» WHAT YOU NEED TO DO
Repeat the listing exactly. Any picture in it should be left out of the copy.

» SOURCE DATA
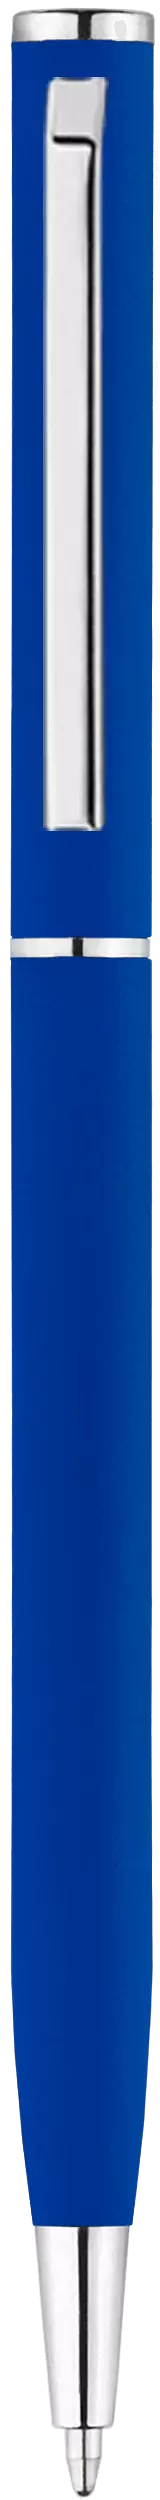 Ручка HILTON Синяя 1060-01
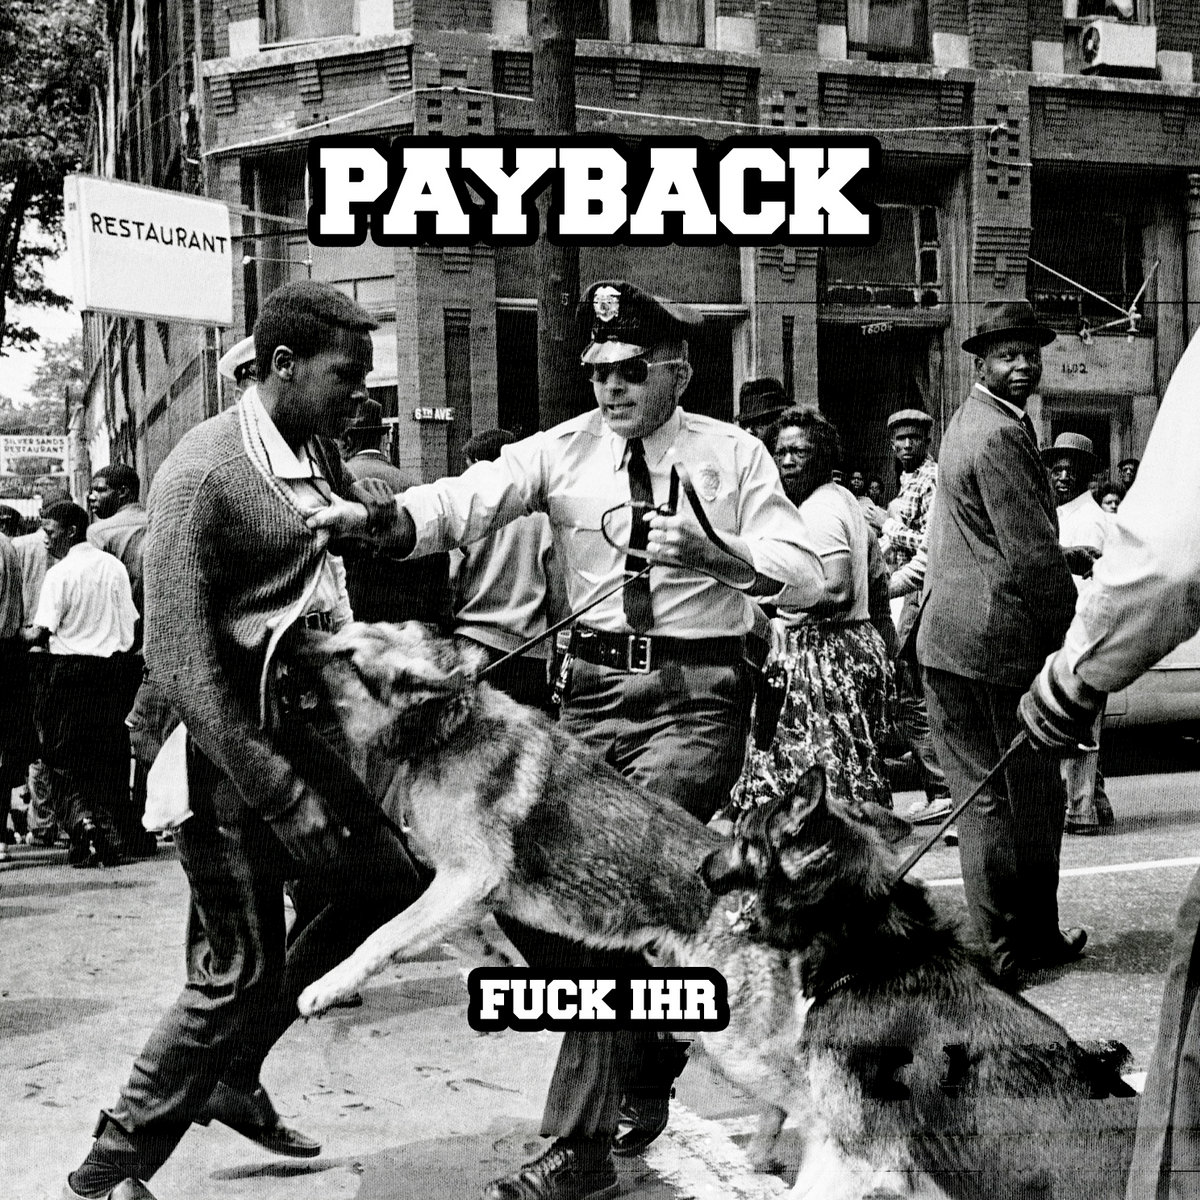 Payback Fuck
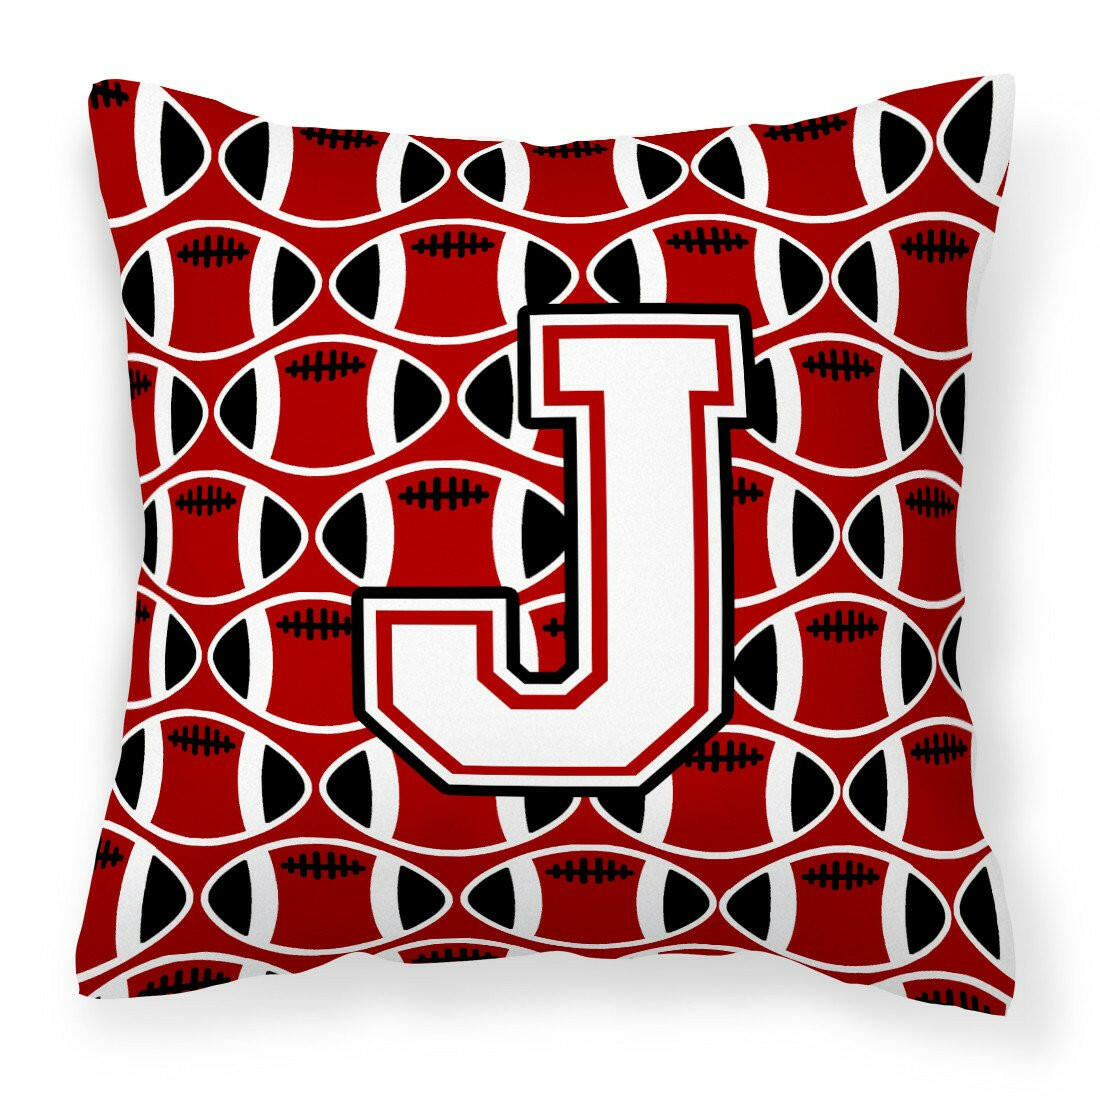 Letter J Football Cardinal and White Fabric Decorative Pillow CJ1082-JPW1414 by Caroline's Treasures

» RESPONSE TO THIS EXERCISE
 Ручка HILTON Синяя 1060-01
 Payback Fuck
 Letter J Football Cardinal and White Fabric Decorative Pillow CJ1082-JPW1414 by Caroline's Treasures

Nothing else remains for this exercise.